Chrissy Jackson with her five children, Jody, Charity, Richard, Tina and Jason (left to right)
Jackson enrolled in PEL, the Eckerd College Program for Experienced Learners, a night-class and weekends bachelor’s degree program geared toward older students with careers. She was among the final years of PEL students to graduate, as the program was discontinued beginning in 2016, the year she graduated with a degree in organizational studies.
She didn’t stop there. Now at 72, she is a recent master’s graduate and is working on coursework for a doctorate in business administration. She recently spoke at the Commencement for Western Governors University, where her daughter, Jody, and granddaughter Asya were also receiving master’s degrees.
“Education has broadened my horizons,” Jackson says. “I have learned a lot more theory about why things are done the way they’re done. I think it has enhanced my critical skills in terms of solving problems and thinking through situations.”
Jackson says her experience with PEL was the springboard to her love of higher education. She has remained involved with Eckerd and with ASPEC, where she currently serves as the elected president of the organization. She believes she and her fellow PEL students had an enhanced ability to see the big picture of how classes would benefit, and be applicable to, their lives.
“The camaraderie that’s developed in the classes in PEL is no different from the camaraderie that the undergraduate students develop now,” she says. “The maturity that came with us as a PEL student just made all the difference in the world.”

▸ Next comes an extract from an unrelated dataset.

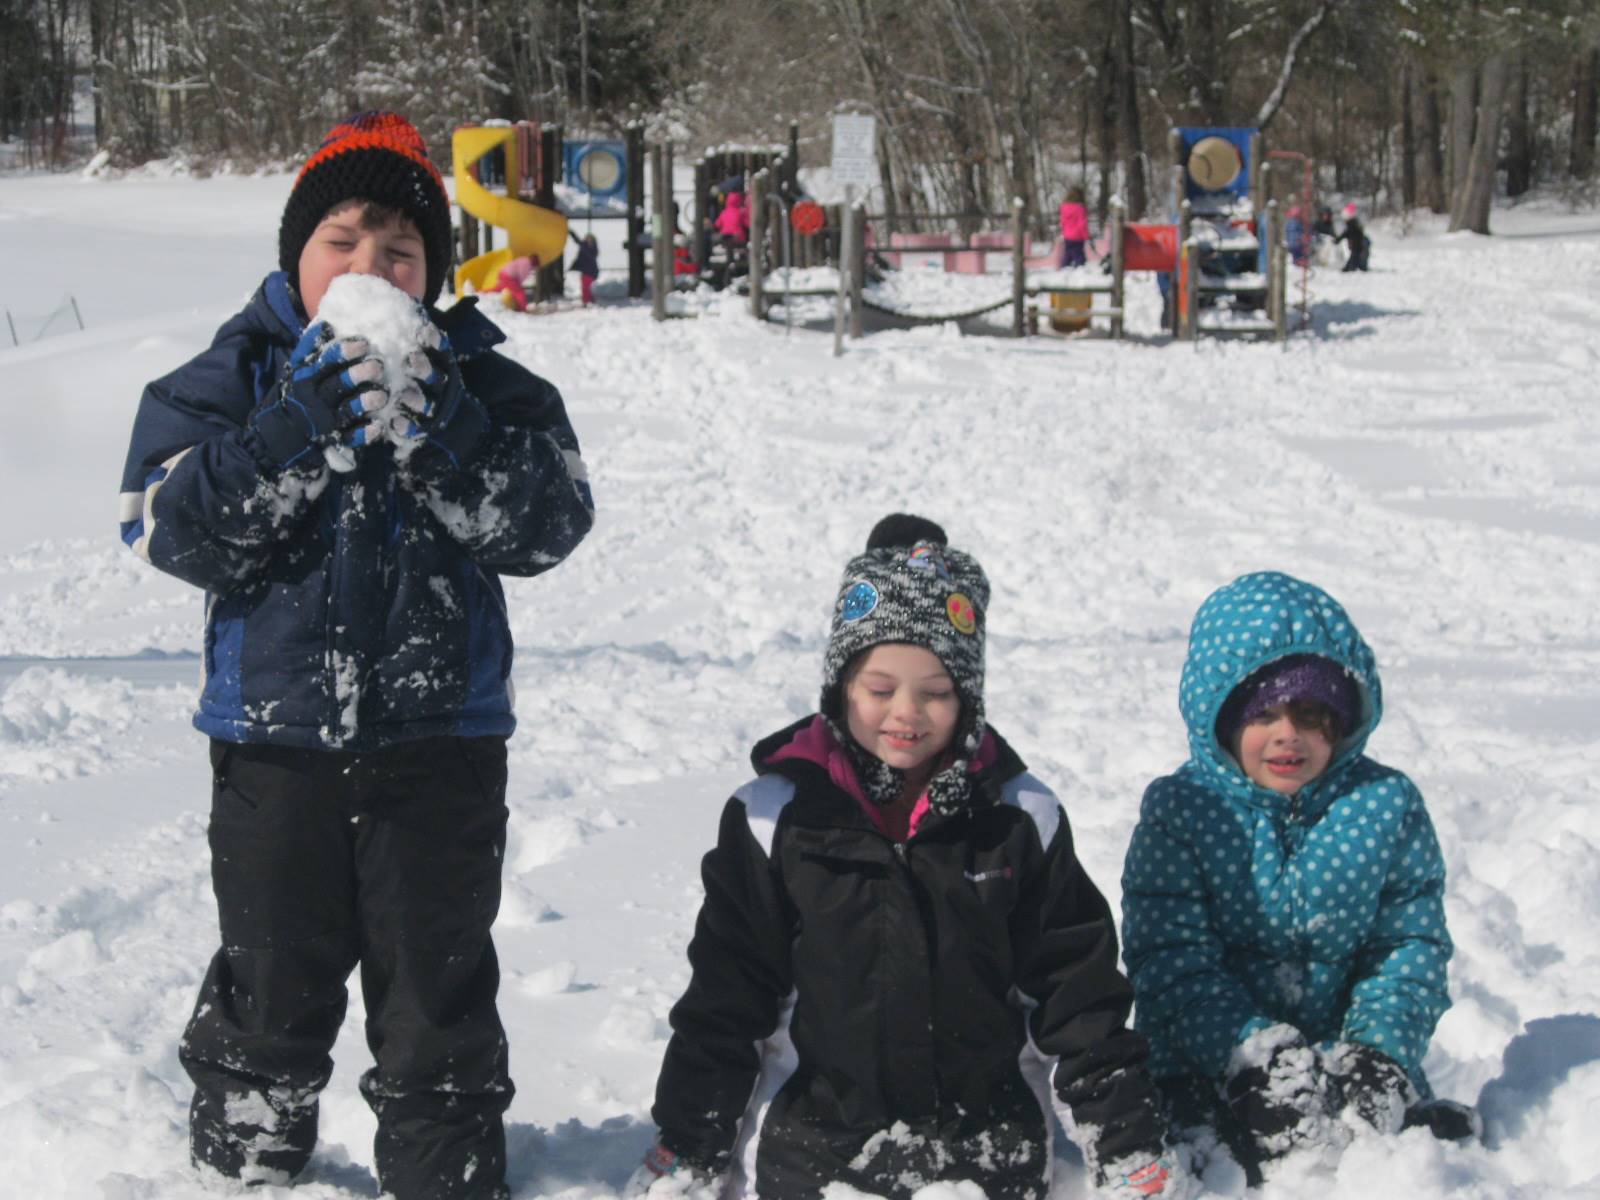 Children sitting in the snow.
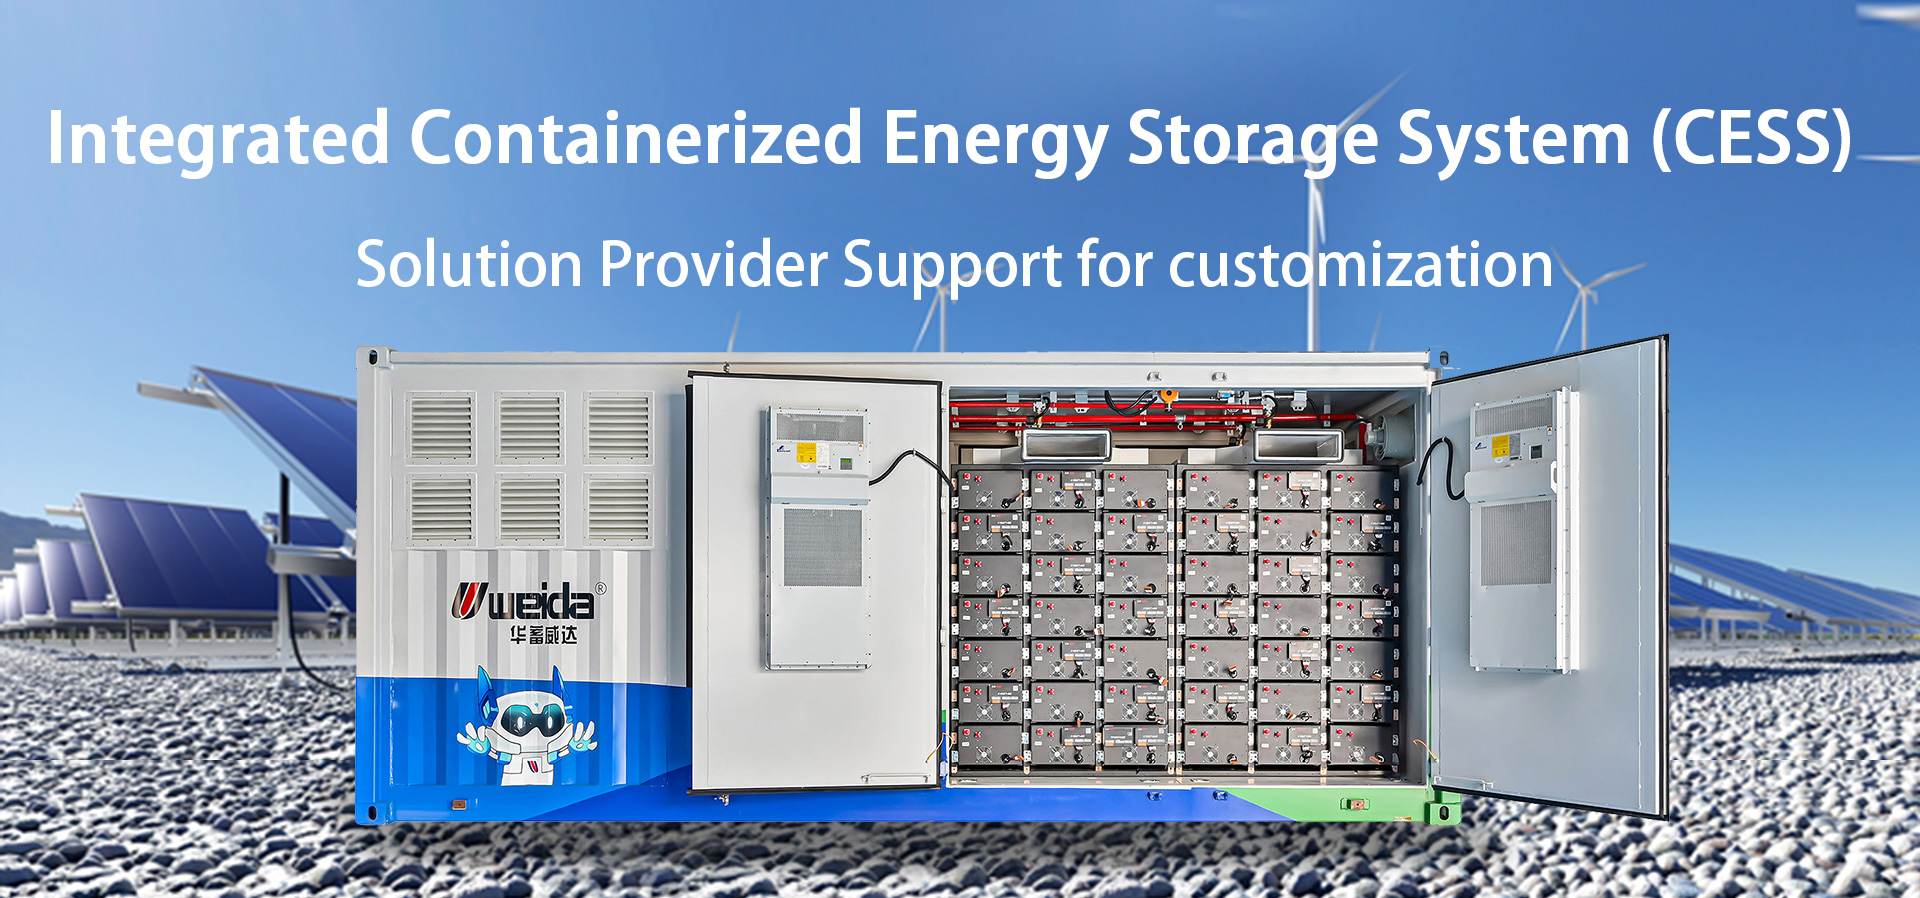 Sistema integrado de almacenamiento de energía en contenedores CESS

She graduated with a 4.0, even after choosing to take a particularly difficult residential student course—an introductory Arabic class—with a friend in PEL for fun. She now calls Professor Qays Majeed her favorite teacher during her time at Eckerd, recalling how they would open class by singing the Arabic alphabet song.
“It was a real eye-opening experience for me—hey, I can really learn something this hard at this age and do well,” she says.
Even prior to her experiences in the world of formal education, Jackson was no stranger to learning or teaching. During her long career in property management for manufactured home communities, she wrote monthly articles for five trade magazines, wrote 39 property management handbooks, and has revised the accreditation textbook and course for the community manager designation.
She also was familiar with paving her own path, not as the oldest student but as a member of the first generation of women to advance in the corporate world.
“At the time, the culture for women, especially for women who were beginning to break the glass ceiling, was very intimidating,” she says, remembering a time when she attended a corporate meeting as a vice president on the executive floor and had to go down three floors to find a women’s bathroom. Once her division began to generate $21 million in profit annually, she says, attitudes began to change.
While she never let her lack of higher education hold her back, Jackson says she is proud to be an example now for her five children, 23 grandchildren, and 14 (and counting) great-grandchildren.
“I want to show my children and my grandchildren that higher education will benefit them,” she says. Many of her children have recently gone on to obtain their master’s degrees. “While it’s never too late to get an education, doing it sooner makes a big difference.”